F. So it won’t get sick. Just like you get shots
כדי שהוא לא יהיה חולה. בדיוק כמו שאתה מקבל זריקות

If you can use יהיה to mean "will get", how do you express it in the present tense, since the verb "to be" is not used then? How would you say, "He's getting sick"? Because if you just say "הוא חולה", it will mean "He's sick". 

Thanks


----------



## aavichai

You can say
הוא נהיה חולה
הוא מתחיל להיות חולה


----------



## sawyeric1

Pealim only shows the verb נהיה conjugated in the past tense, which does not seem to make any sense. So how is it able to be used as a present tense form, and how would the past form of that be constructed - "He was getting sick"?


----------



## Drink

I think it can be present tense. Pealim.com is not perfect. But it probably really does have no future, imperative, or infinitive.


----------



## shalom00

To be a little more precise, it is a passive present.


----------



## utopia

נִהְיָה in the past

נִהְיֶה in the present


----------



## shalom00

Right.


----------



## utopia

But in colloquial Hebrew no one makes the difference between them.

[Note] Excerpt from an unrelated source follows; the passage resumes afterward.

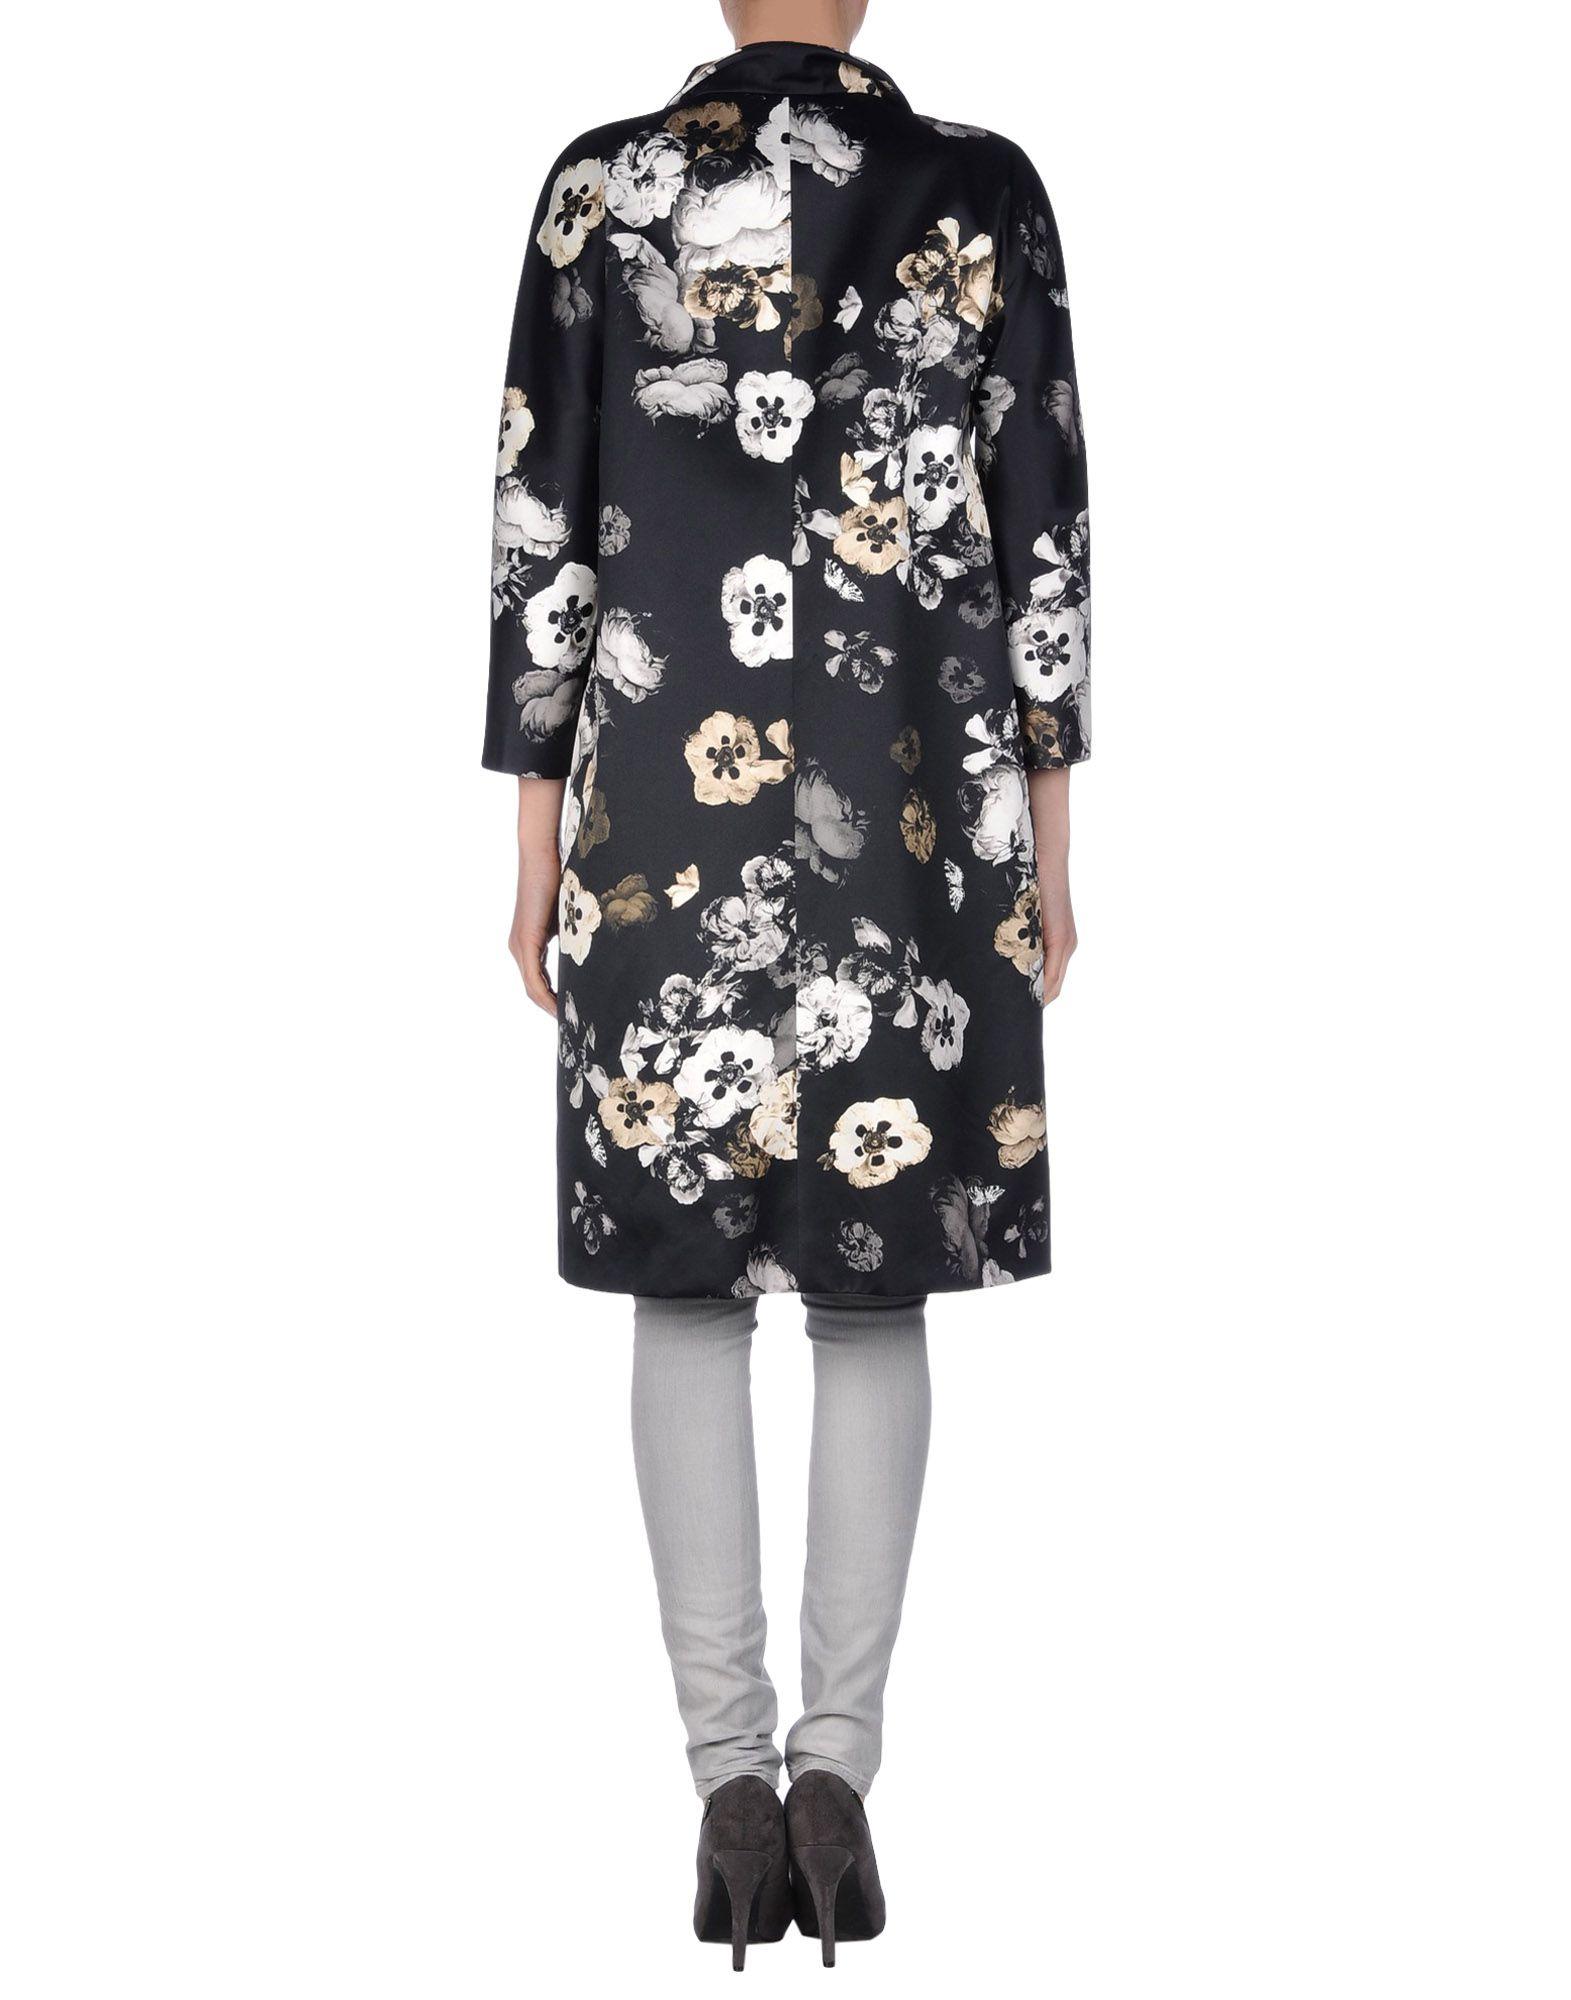 Giambattista valli Full-length Jacket in Black

Only נִהְיָה is used


----------



## utopia

And it usually sounds like NIYA


----------



## Drink

Interestingly, in Mishnaic Hebrew נִהְיָה was also the vocalization for both the past and present.


----------



## sawyeric1

Would you say נהיה היה then similar to יכול היה to express it in the past?


----------



## oopqoo

Nope, I'm pretty sure you can only have a noun or adjective after נהיה, and here היה is a verb. However you could say (at least in colloquial) היה נהיה when you've got a conditional sentence like:
אם הייתי מביך אותו מול כולם הוא היה נהיה אדום.

Expressing "he got sick" and "he's getting sick" would be the same (in colloquial) and you'd have to add a time expression to indicate the tense:
הוא נהיה חולה אתמול
הוא נהיה חולה ממש ברגעים אלו


----------